═══ MATERIAL FOR THE TASK ═══

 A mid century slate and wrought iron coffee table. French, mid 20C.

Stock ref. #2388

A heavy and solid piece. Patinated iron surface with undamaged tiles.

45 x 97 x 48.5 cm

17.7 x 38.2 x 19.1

═══
═══ MATERIAL FOR THE TASK ═══

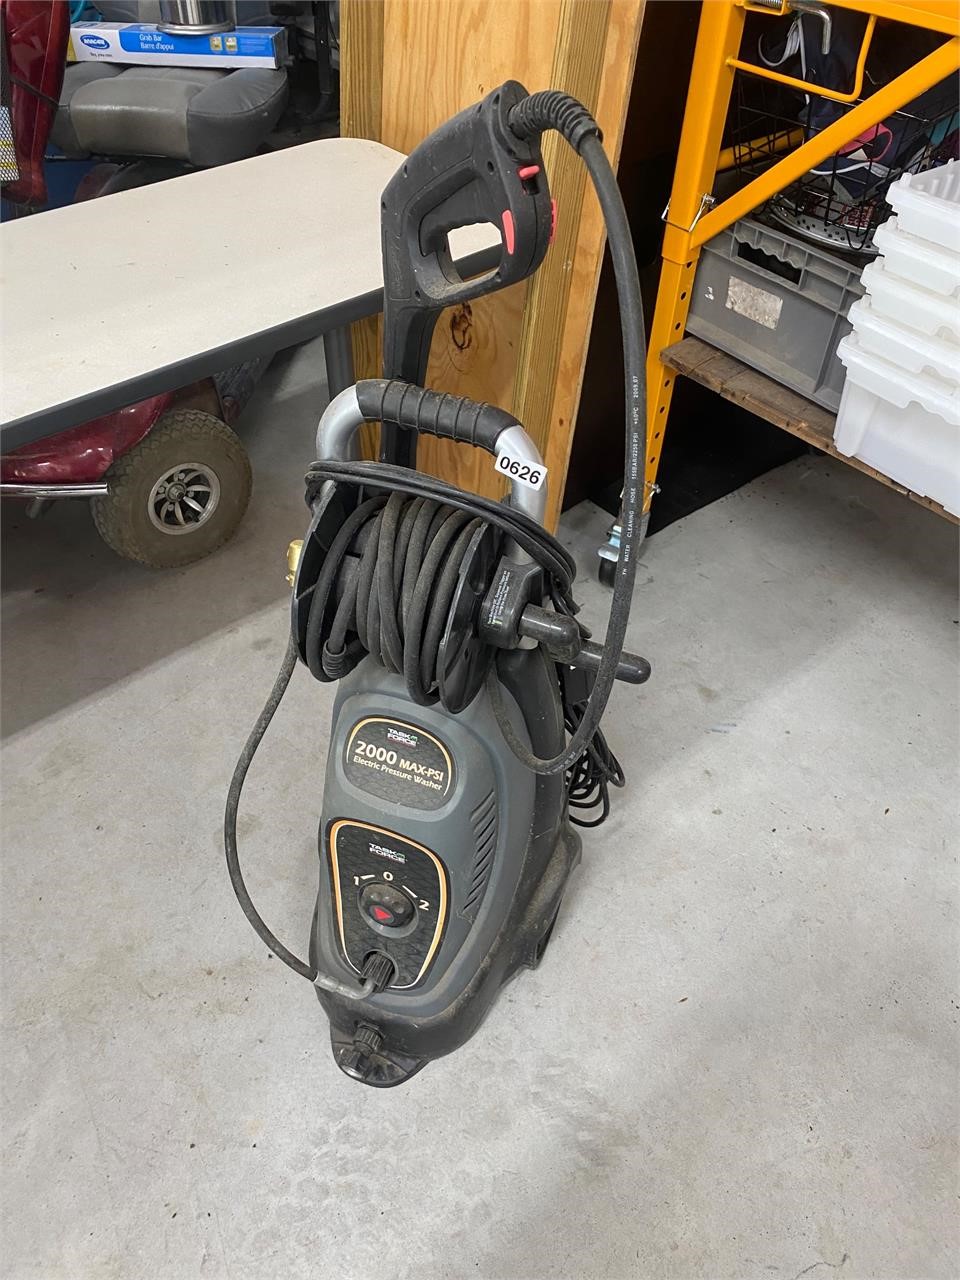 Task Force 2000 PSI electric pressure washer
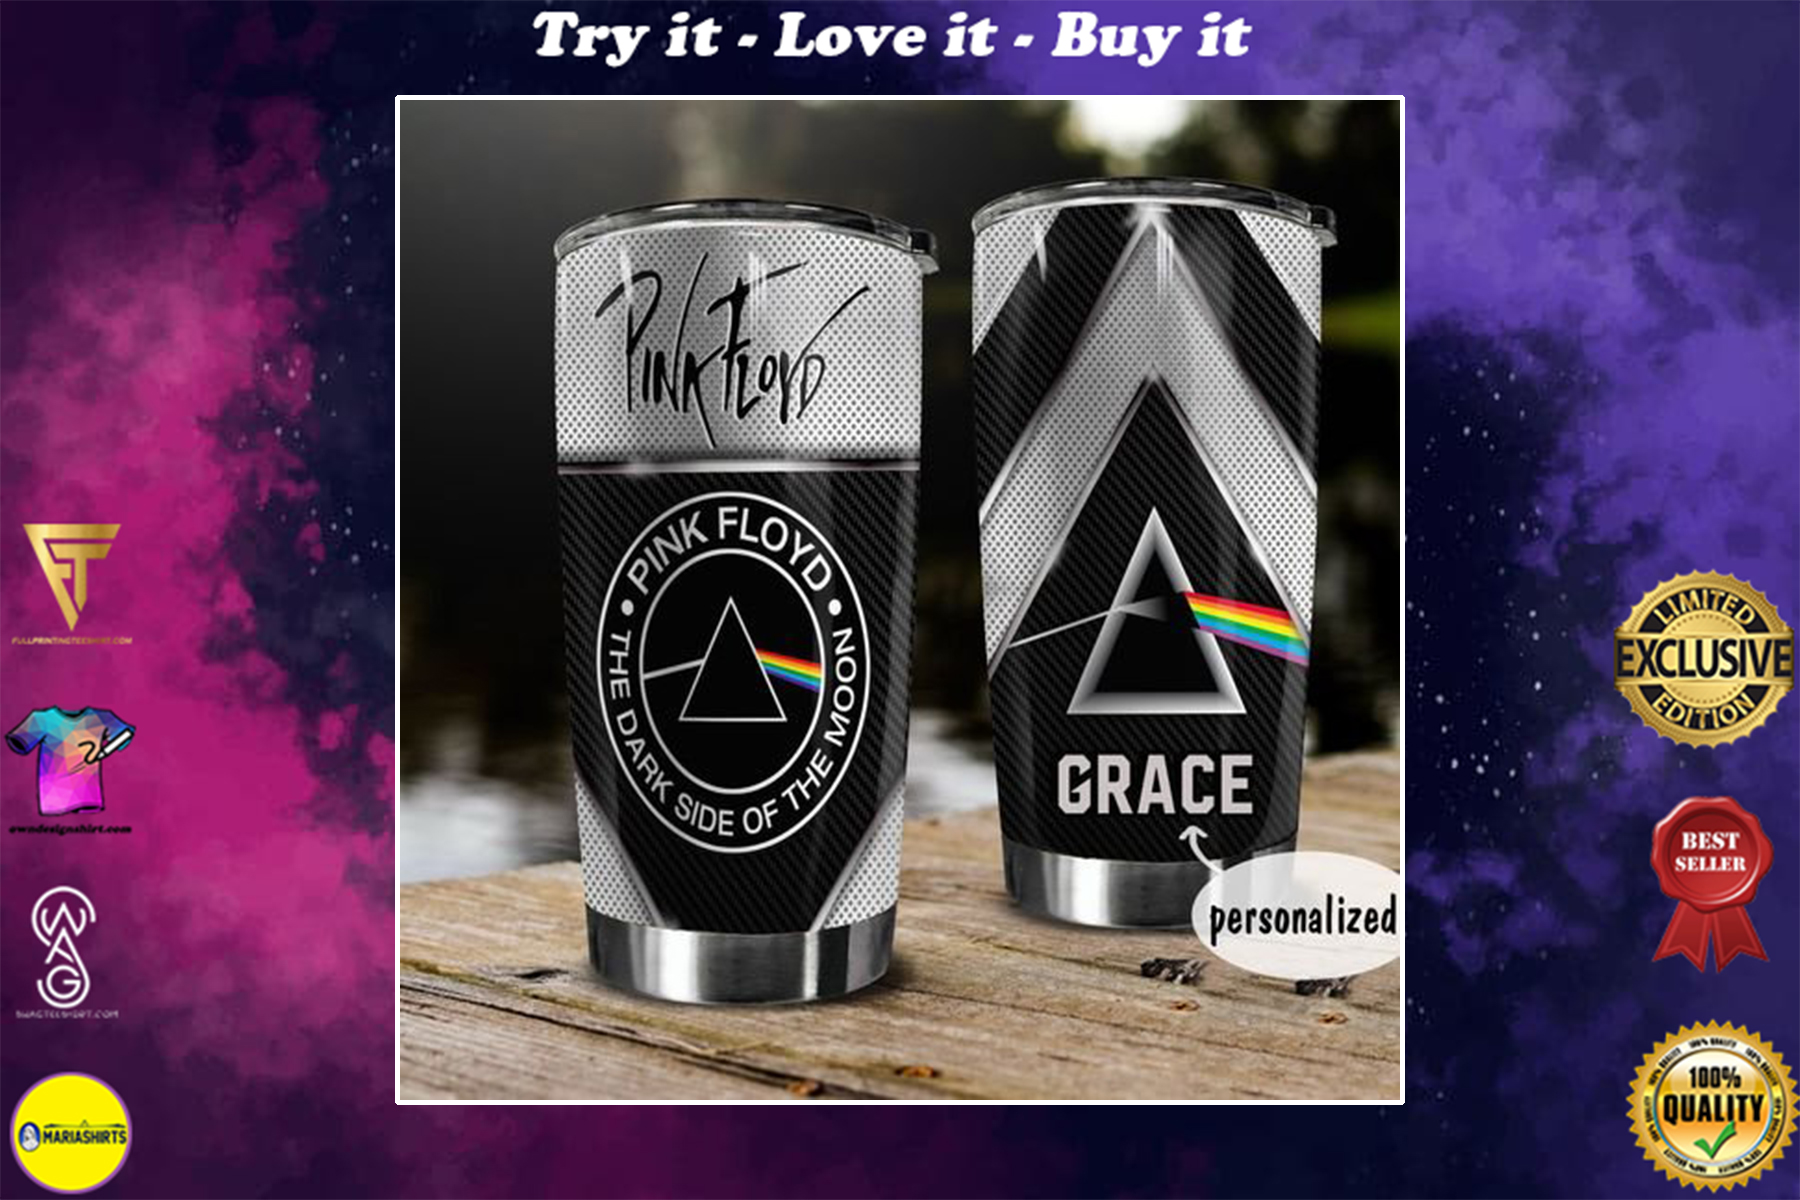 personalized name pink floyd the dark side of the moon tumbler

═══
═══ MATERIAL FOR THE TASK ═══

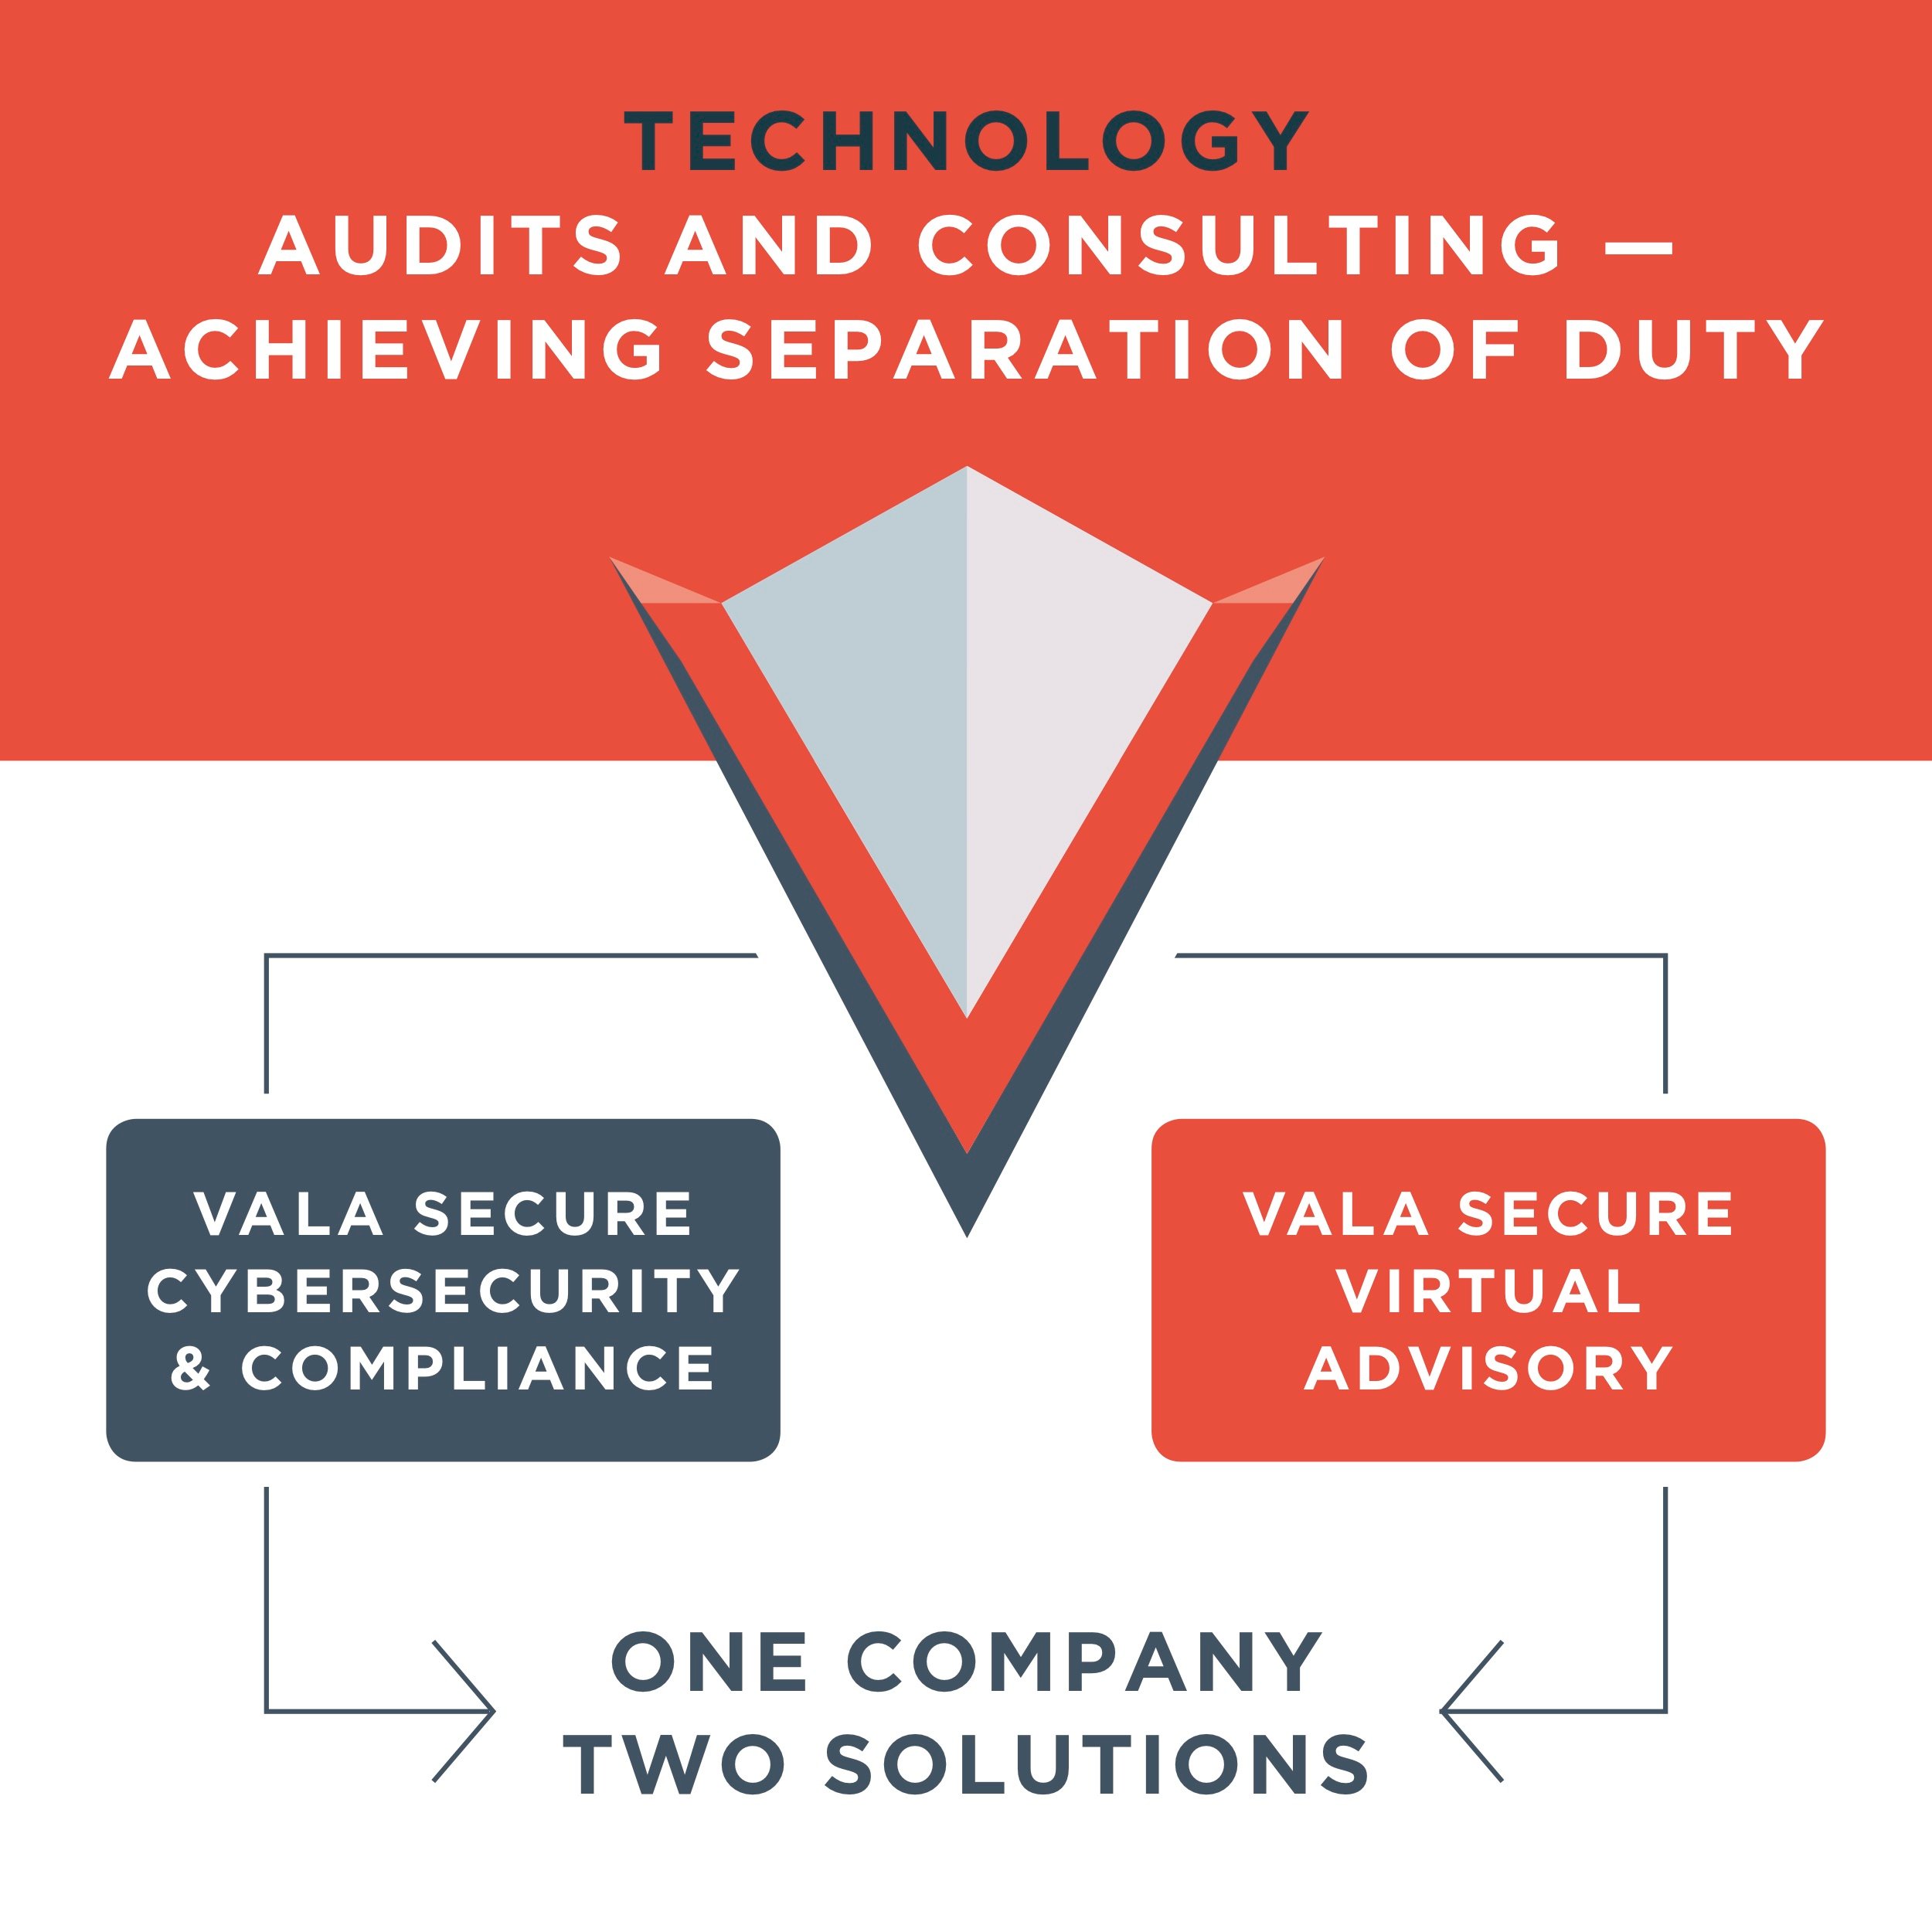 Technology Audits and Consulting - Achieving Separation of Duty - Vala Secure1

═══

- **YOUR OBJECTIVE**: Restate word for word the entries above from the line with "A mid century" through the line with "17.7 x 38.2 x 19.1", inclusive, leaving out everything else.

- **EXPECTED OUTPUT**:
 A mid century slate and wrought iron coffee table. French, mid 20C.

Stock ref. #2388

A heavy and solid piece. Patinated iron surface with undamaged tiles.

45 x 97 x 48.5 cm

17.7 x 38.2 x 19.1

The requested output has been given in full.